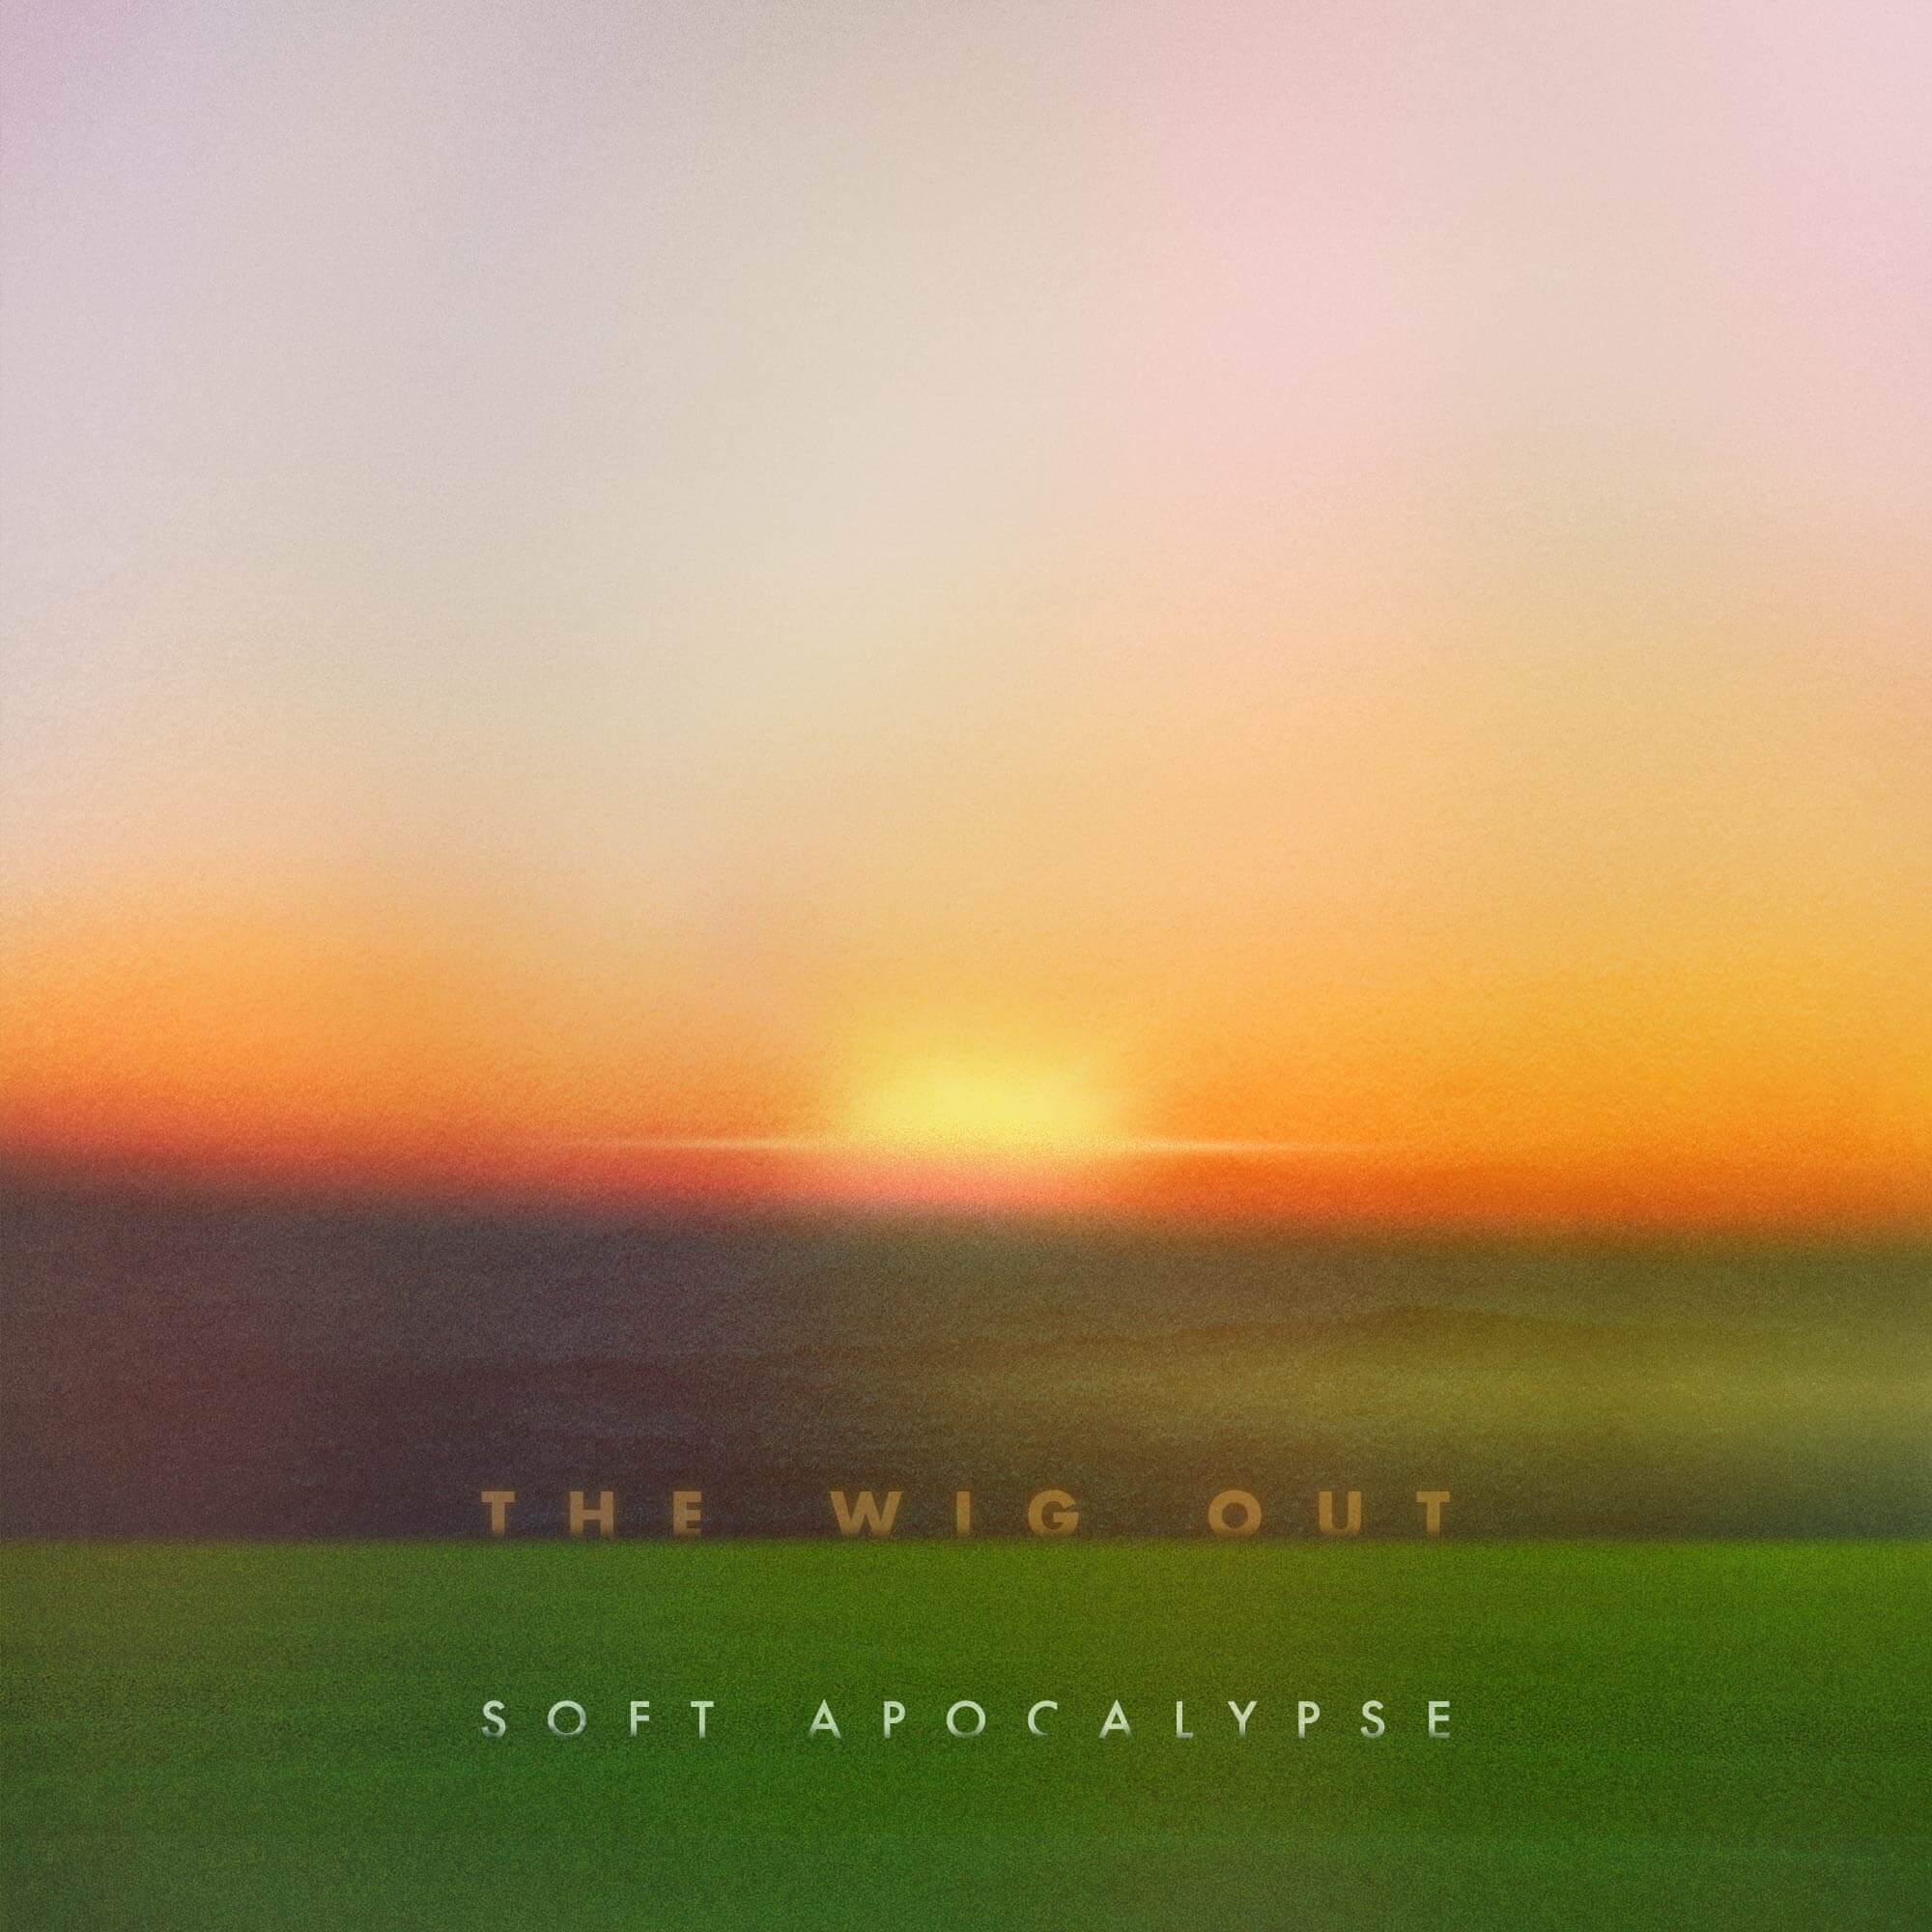 The Wig Out - Motorboater single cover artwork
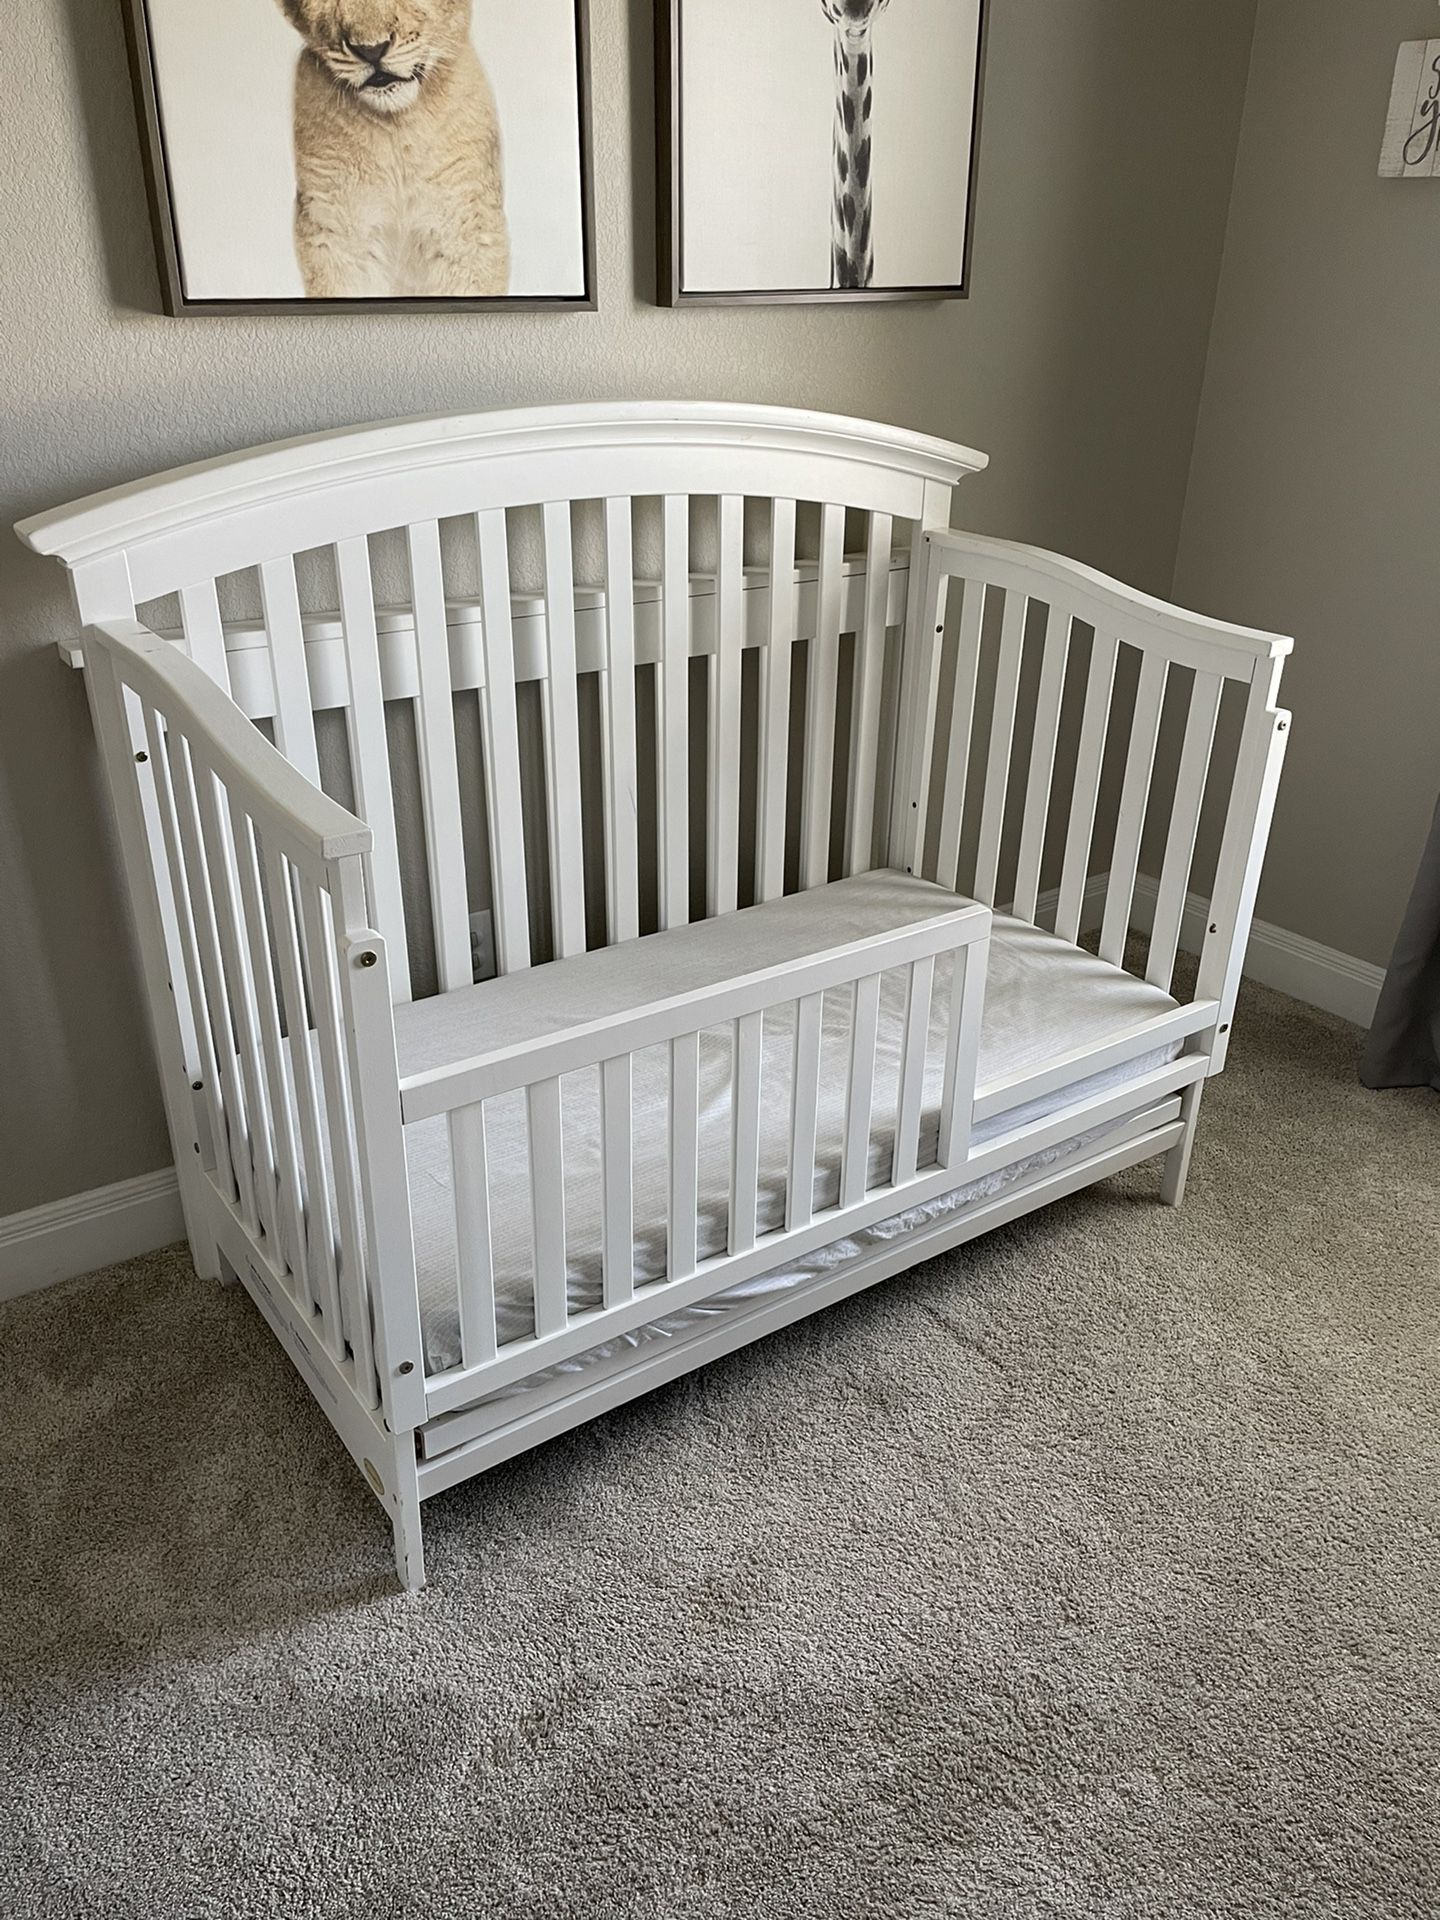 Crib Converts To Toddler And Full Bed (including Mattress) 
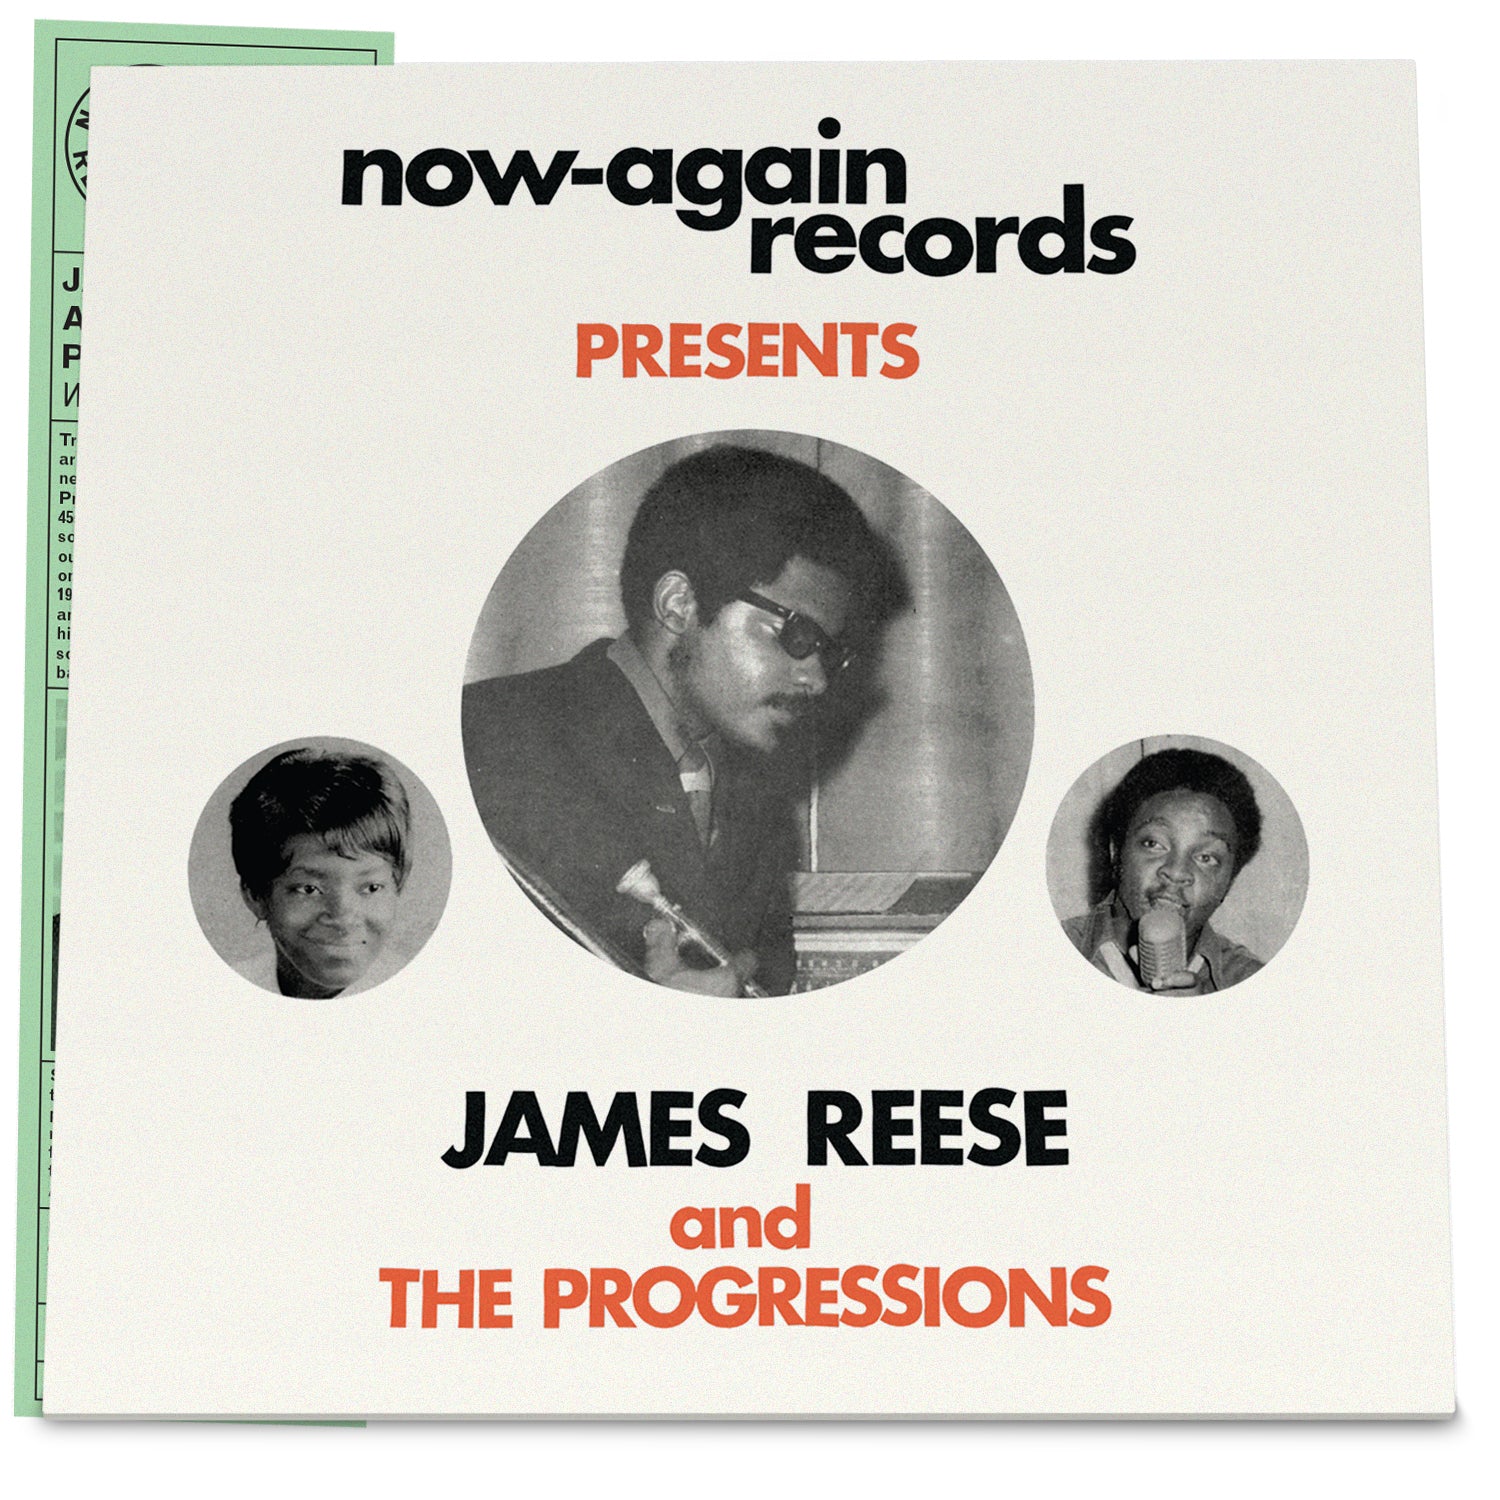 James Reese and the Progressions - Wait For Me (The Complete Works 1967-1972)

[Required action]
Set down the material exactly, every line of it, except for the pictures.

[Answer to this task]
 The Wig Out - Motorboater single cover artwork
 Crib Converts To Toddler And Full Bed (including Mattress) 
 James Reese and the Progressions - Wait For Me (The Complete Works 1967-1972)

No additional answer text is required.